• PROBLEM STATEMENT
Among the entries below, only the lines starting at the one with "Samsung HW-J7500/RU manual" and ending at the one with "Parmentier de saumon - Product - fr", both included, are to be printed exactly.

• INPUT DATA

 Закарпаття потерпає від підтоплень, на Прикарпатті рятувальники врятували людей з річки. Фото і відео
...
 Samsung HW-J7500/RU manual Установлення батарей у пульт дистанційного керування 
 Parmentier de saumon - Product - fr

• SOLUTION FOR THIS EXERCISE
 Samsung HW-J7500/RU manual Установлення батарей у пульт дистанційного керування 
 Parmentier de saumon - Product - fr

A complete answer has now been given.